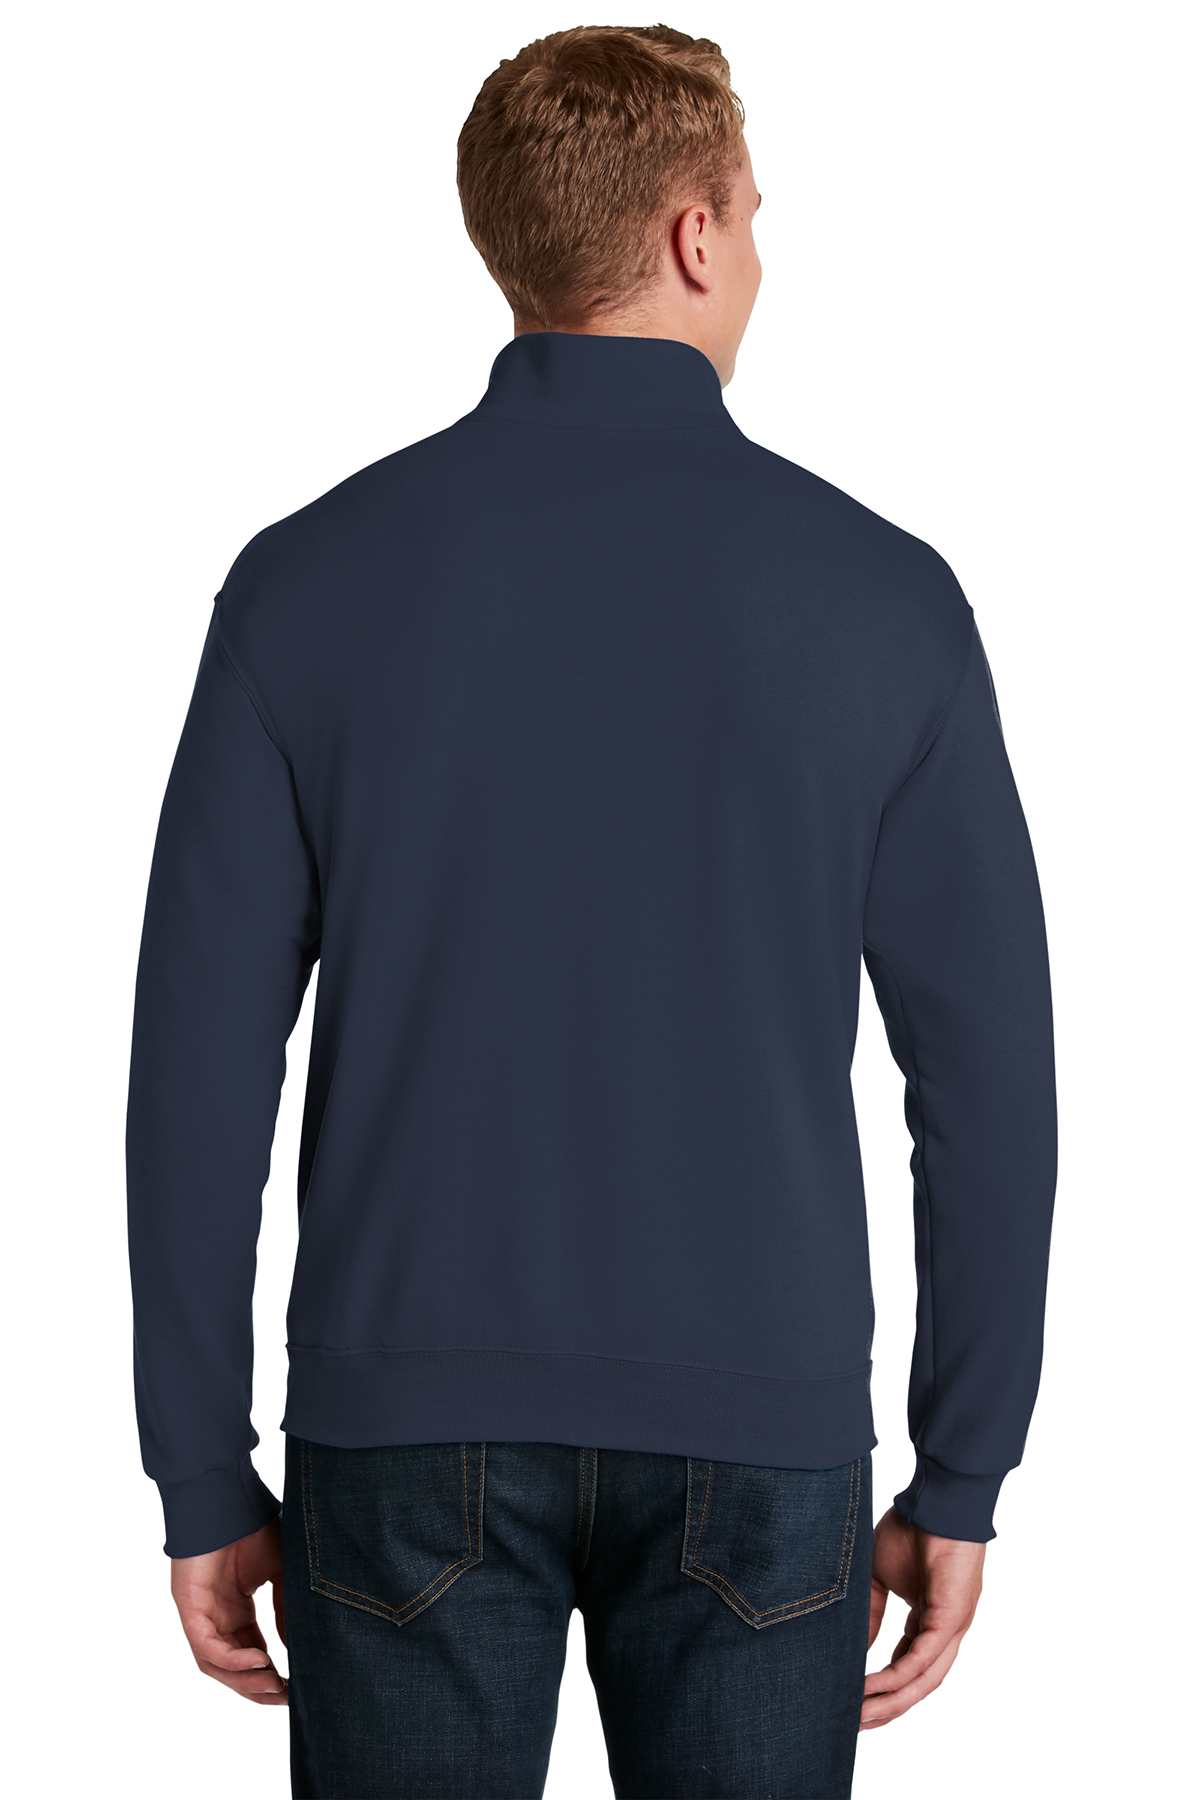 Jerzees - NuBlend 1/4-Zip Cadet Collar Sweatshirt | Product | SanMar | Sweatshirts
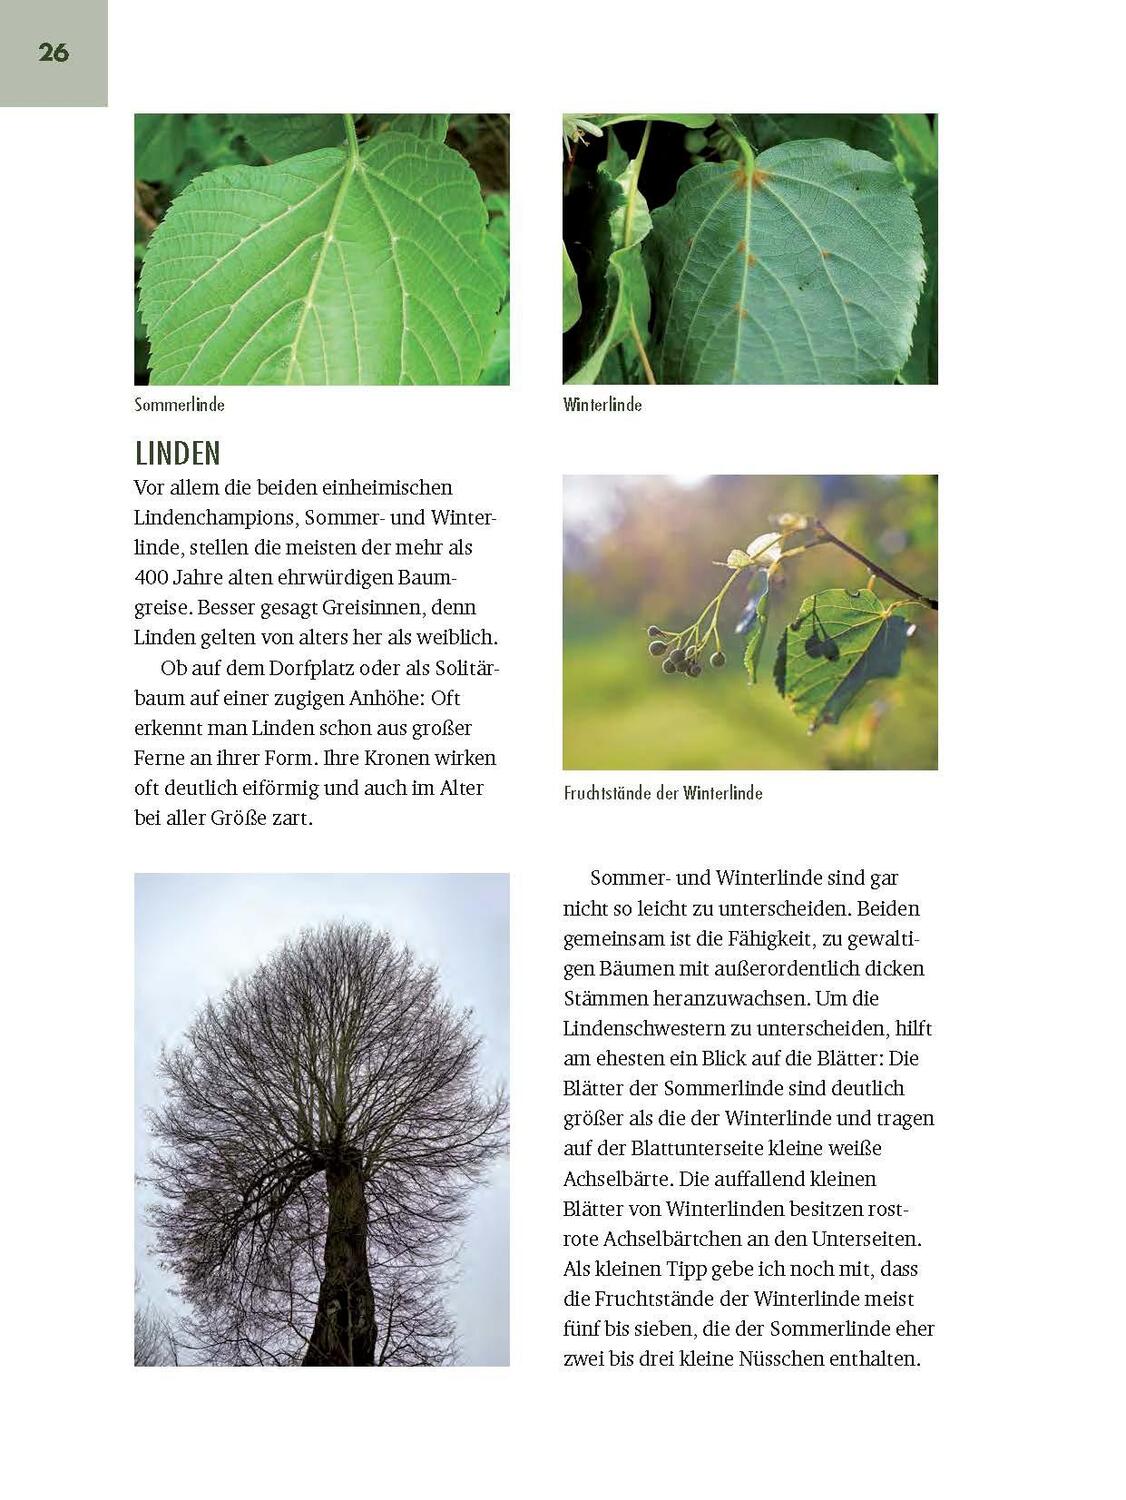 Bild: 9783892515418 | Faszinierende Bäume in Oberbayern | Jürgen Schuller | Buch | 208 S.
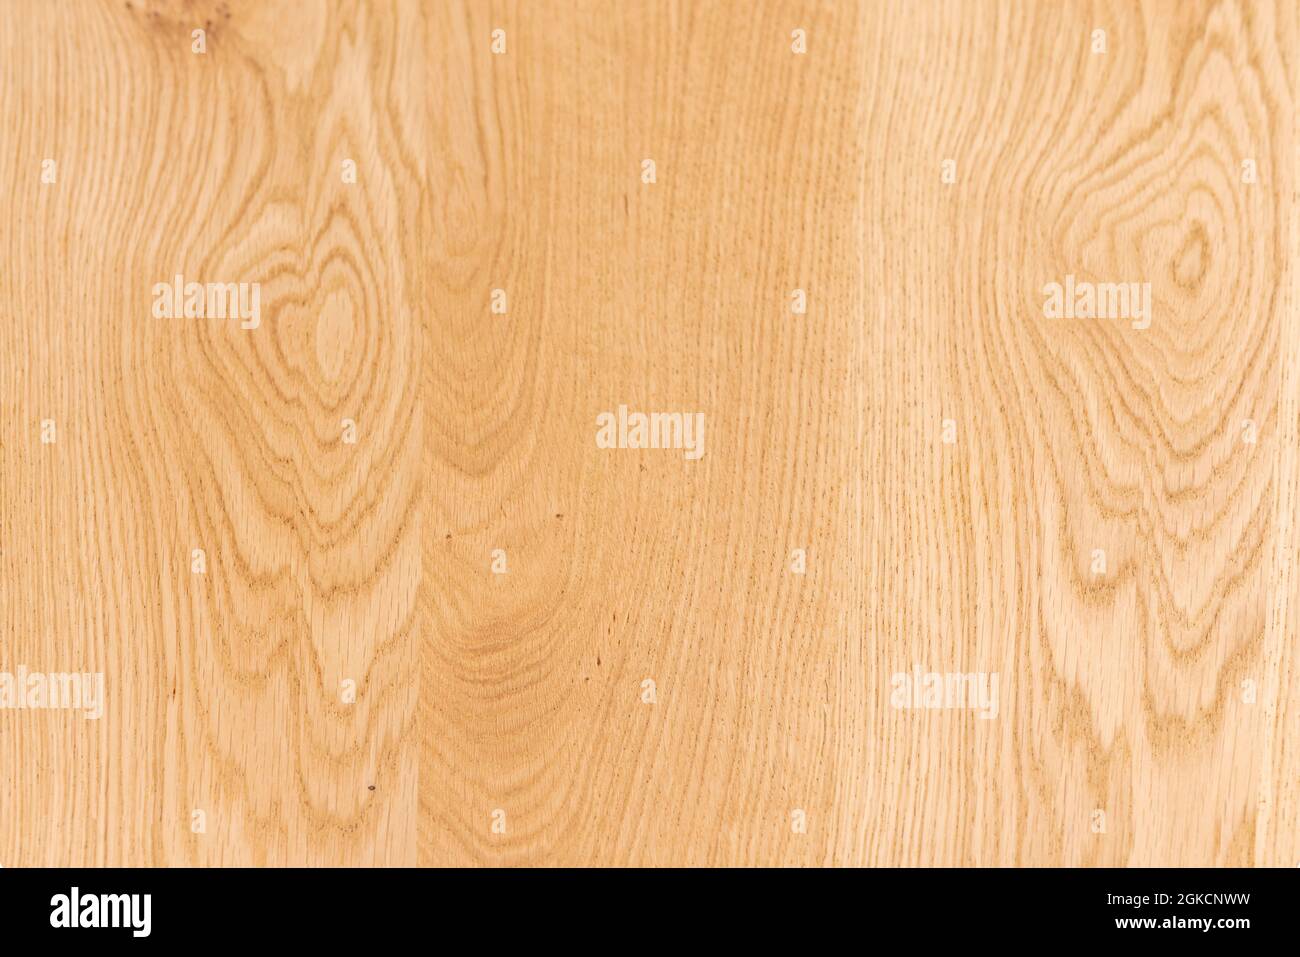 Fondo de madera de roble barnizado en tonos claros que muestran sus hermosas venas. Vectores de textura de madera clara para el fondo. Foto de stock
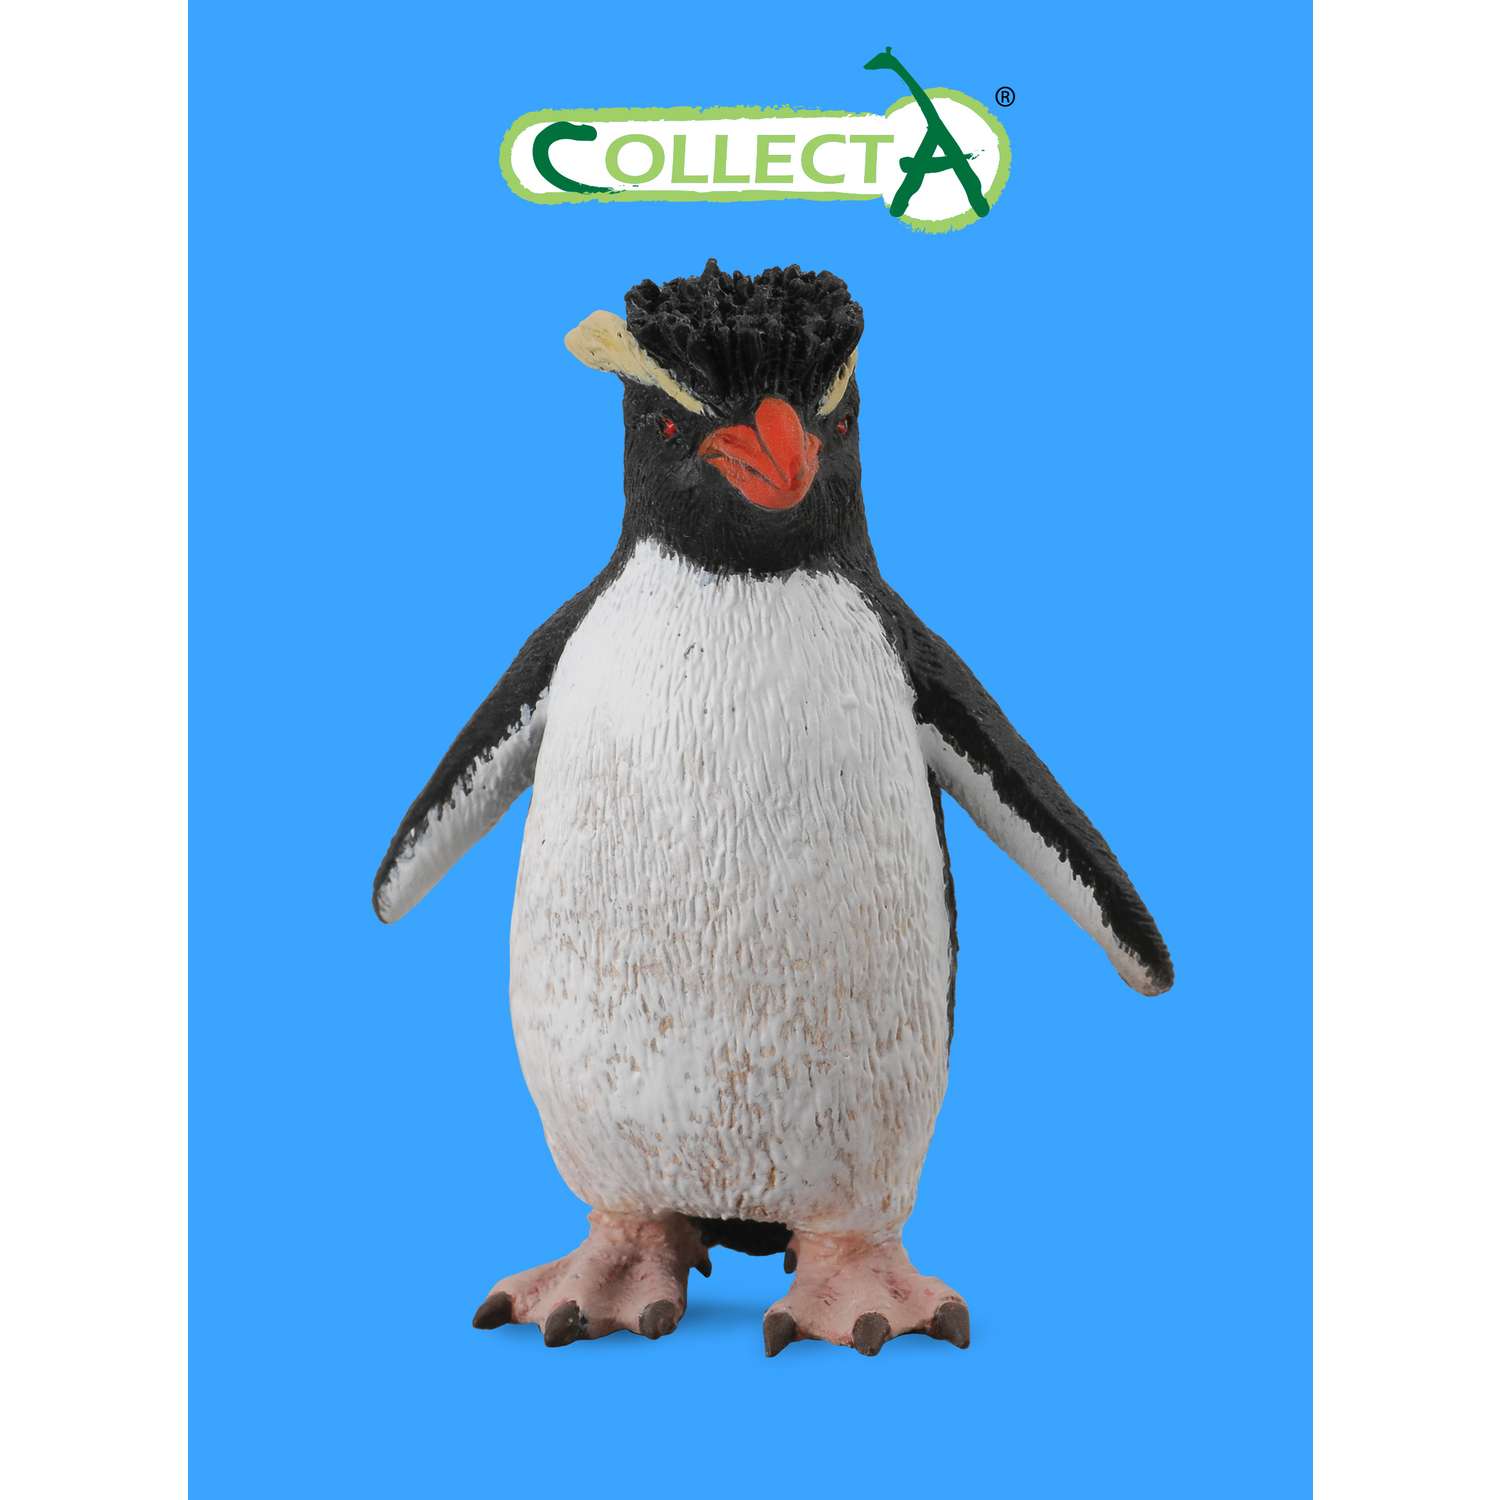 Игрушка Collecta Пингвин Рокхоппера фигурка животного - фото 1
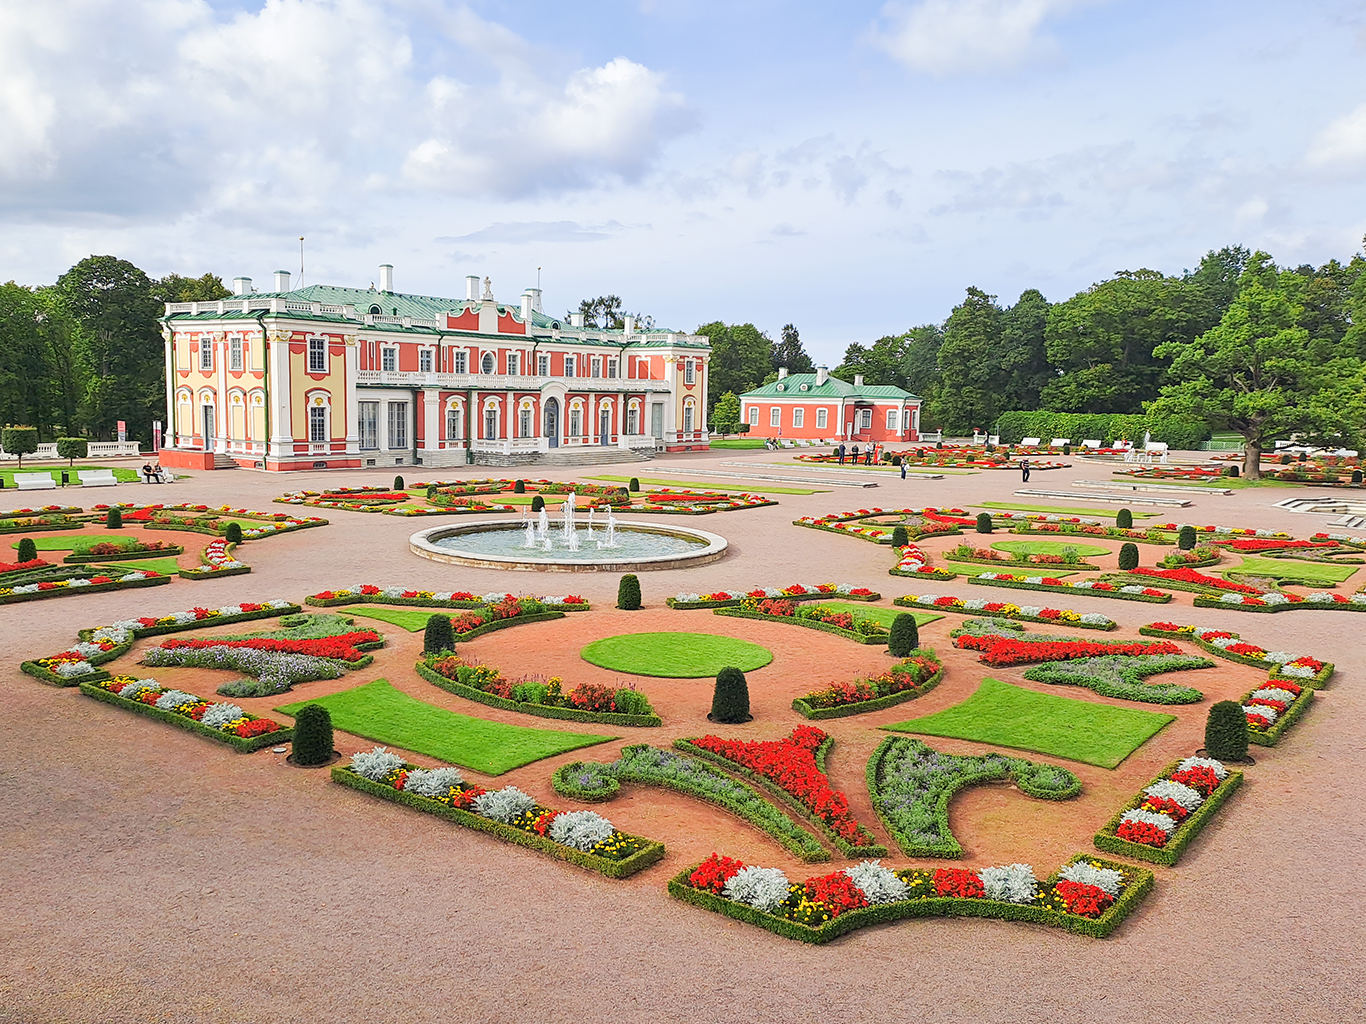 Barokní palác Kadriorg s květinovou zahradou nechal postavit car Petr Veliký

» **WHAT THE EXERCISE ASKS**
Take the data above and set it down exactly, images excluded.

» **ANSWER SECTION**
 Jerzees - NuBlend 1/4-Zip Cadet Collar Sweatshirt | Product | SanMar | Sweatshirts
 Bild: 9783892515418 | Faszinierende Bäume in Oberbayern | Jürgen Schuller | Buch | 208 S.
 Fondo de madera de roble barnizado en tonos claros que muestran sus hermosas venas. Vectores de textura de madera clara para el fondo. Foto de stock
 Игрушка Collecta Пингвин Рокхоппера фигурка животного - фото 1
 Barokní palác Kadriorg s květinovou zahradou nechal postavit car Petr Veliký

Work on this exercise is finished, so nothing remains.